Think about all that. Kawhi misses a free throw, Duncan gets subbed out, Bosh gets a rebound, Allen, on sheer feel for the court and a near genius-level memorization of the number of steps necessary to reach the corner (in the tiniest of NBA-court nooks between the 3-point line and the sideline), retreats into position and releases in a split second. And this is to say nothing of making the actual shot. Three defenders rushing at him. A championship on the line. And again, Miami was losing. Shooting a shot like that when the game is tied and when you're losing is two completely different things.
And now consider the fallout. Had Allen missed that shot, the Big 3 super-team that was supposed to win "not one, not two, not three, not four..." but like a hundred titles, would've actually only won a single championship in four tries. As it was, they only won two, but two is a lot different than one for a team that tried to stack the deck as the Heat did.
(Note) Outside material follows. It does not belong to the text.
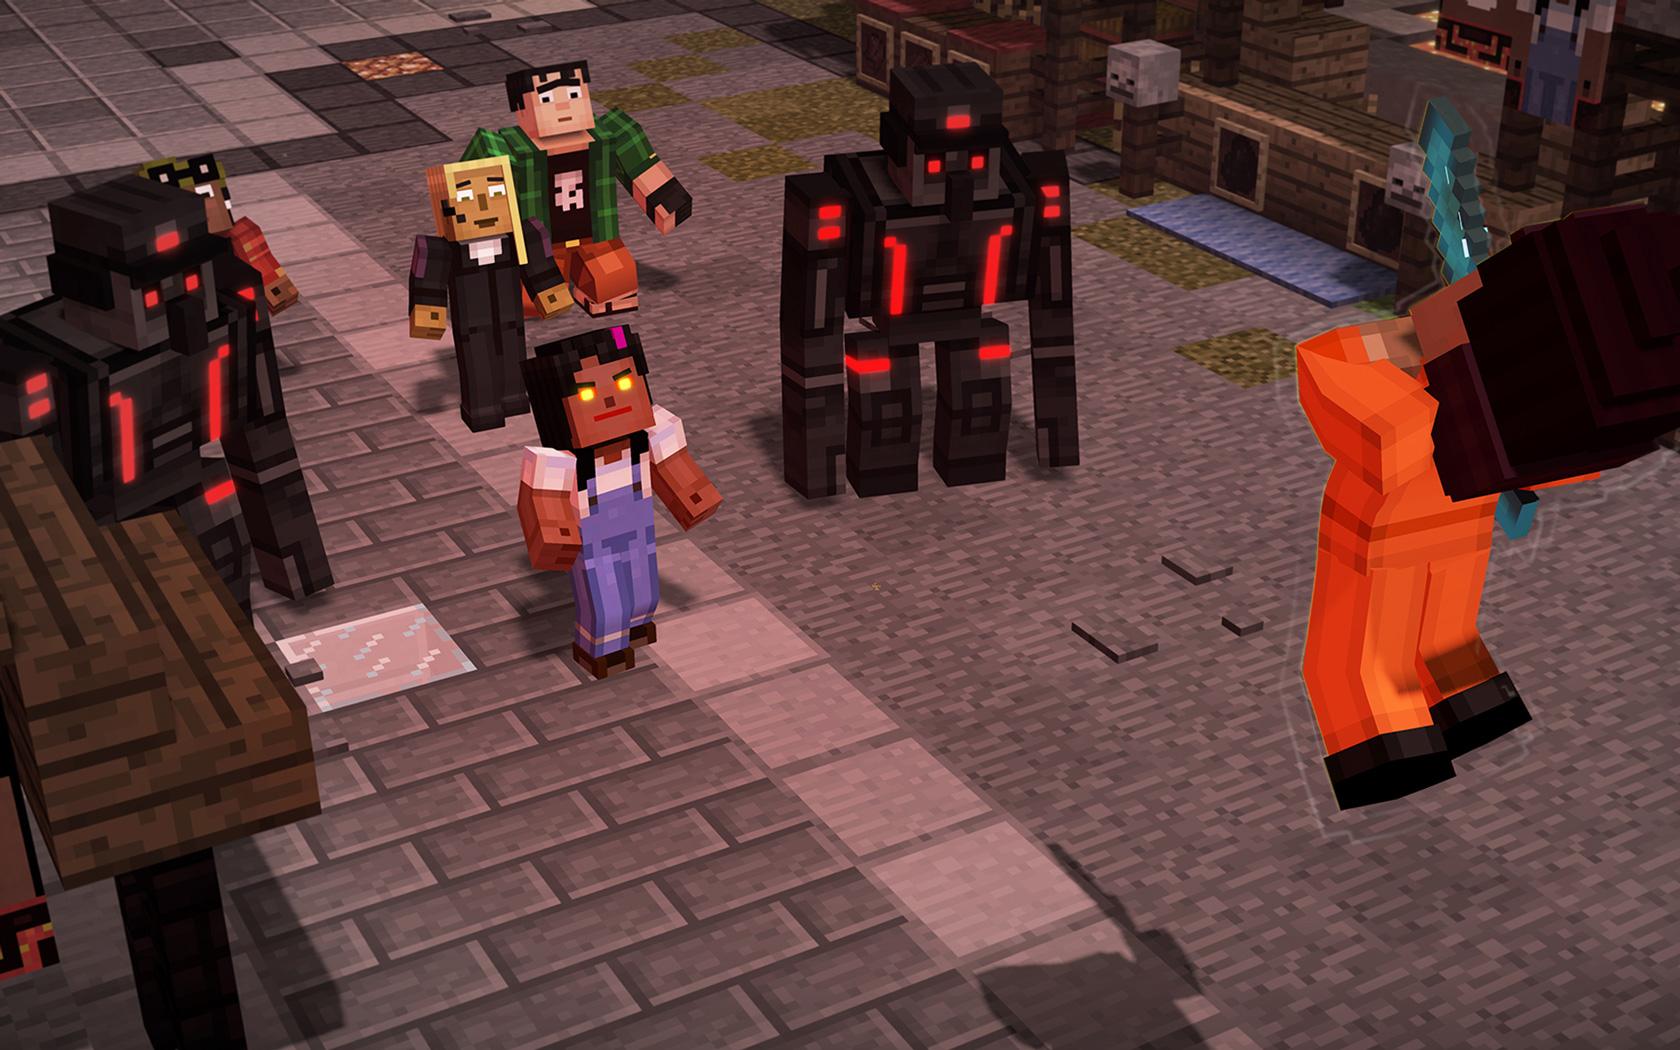 Free Minecraft: Story Mode Season 2 Wallpaper in 1680x1050

In fact, let's take it back to the 2016 Kyrie shot in Game 7. That's another title that could've eluded LeBron without the heroics of a teammate. It's not to take anything away from LeBron, who was extraordinary in both those series. It's just a reality: Had Kyrie and Allen missed two of the most pressurized shots in NBA history, LeBron would be, at best, 2-7 in career NBA Finals, and possibly 1-8 depending on how the last minute of that Golden State game would've played out with the game still tied at 89.
And that, right there, is the minuscule difference between Irving's shot and Allen's shot. Had Irving missed, we don't know that the Cavs would've lost. Had Allen missed, we KNOW the Heat would've lost. That's enough, barely, to get the No. 1 nod.